Eigenfracture approximation of quasi-static crack growth in brittle materials

TL;DR

This paper introduces an eigendeformation approximation scheme for modeling quasi-static crack growth in brittle materials, demonstrating convergence to classical Griffith fracture evolution as the approximation parameter tends to zero.

Contribution

It proposes a novel variational approximation method using eigendeformations and proves its convergence to the classical crack evolution model.

Findings

The approximation scheme converges to Griffith's crack evolution as epsilon approaches zero.

The model incorporates irreversibility and energy balance in the crack growth process.

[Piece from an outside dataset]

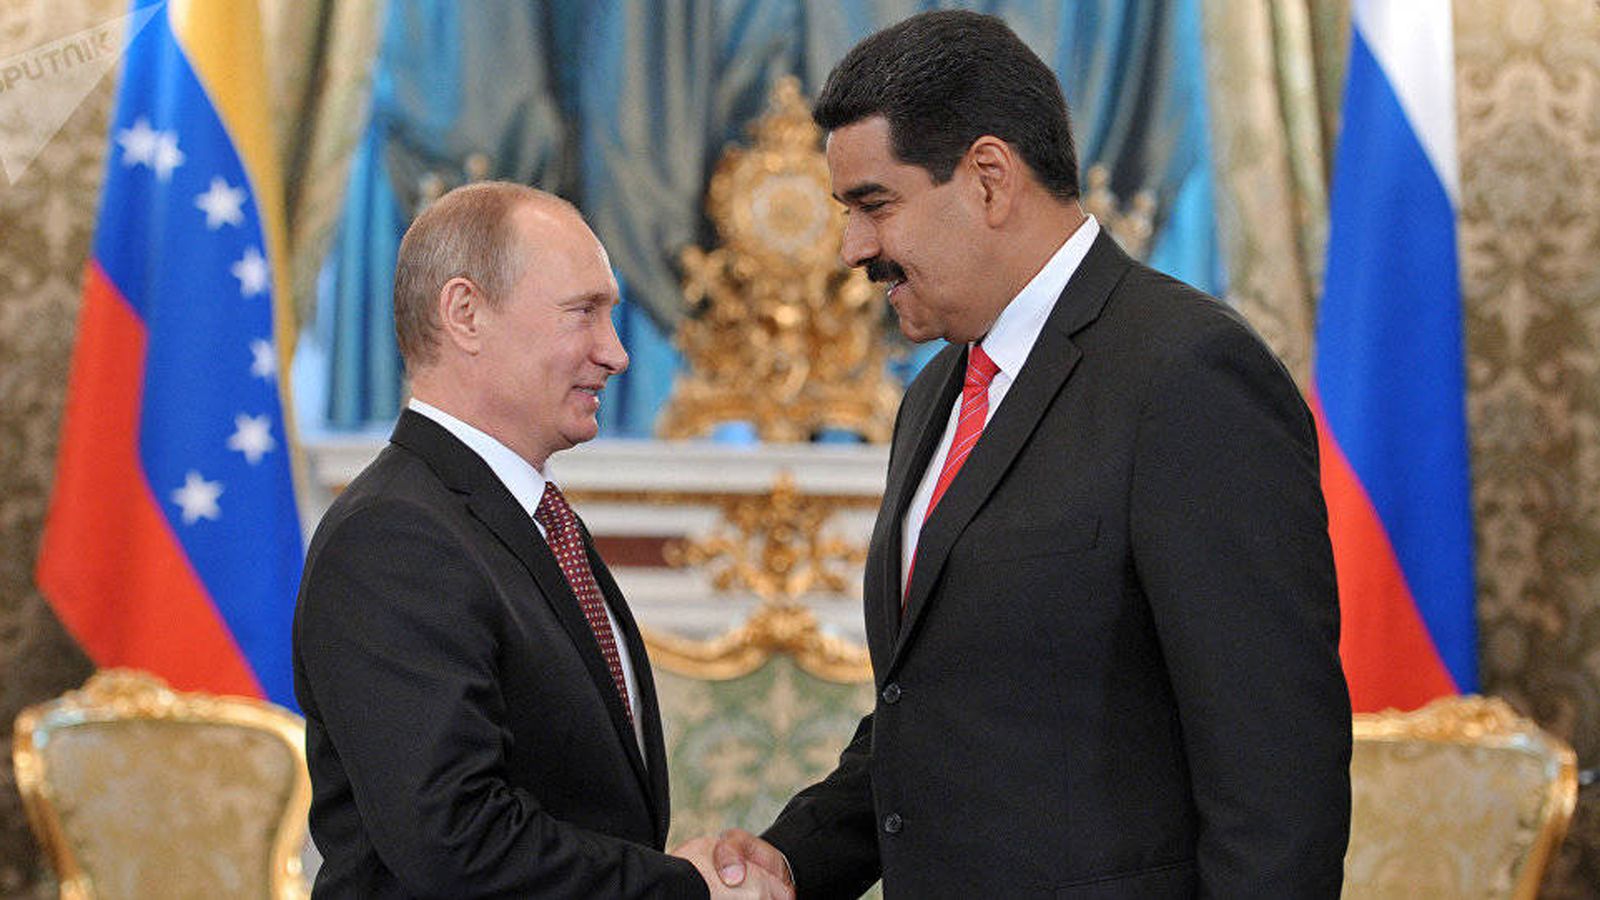 Nicolás Maduro en Twitter: "En nom del pueblo venezolano felicitaciones al presidente Vladimir Putin por la contundente victoria del Partido Rusia Unida en las elecciones Regionales y Municipales del pasado fin de

The approach provides a new variational framework for brittle fracture analysis.

Abstract

We study an approximation scheme for a variational theory of quasi-static crack growth based on an eigendeformation approach. We consider a family of energy functionals depending on a small parameter $\varepsilon$ and on two fields, the displacement field and an eigendeformation field that approximates the crack in the material. By imposing a suitable irreversibility condition and adopting an incremental minimization scheme, we define a notion of quasi-static evolution for this model. We then show that, as $\varepsilon \to 0$, these evolutions converge to a quasi-static crack evolution for the Griffith energy of brittle fracture, characterized by irreversibility, global stability, and an energy balance.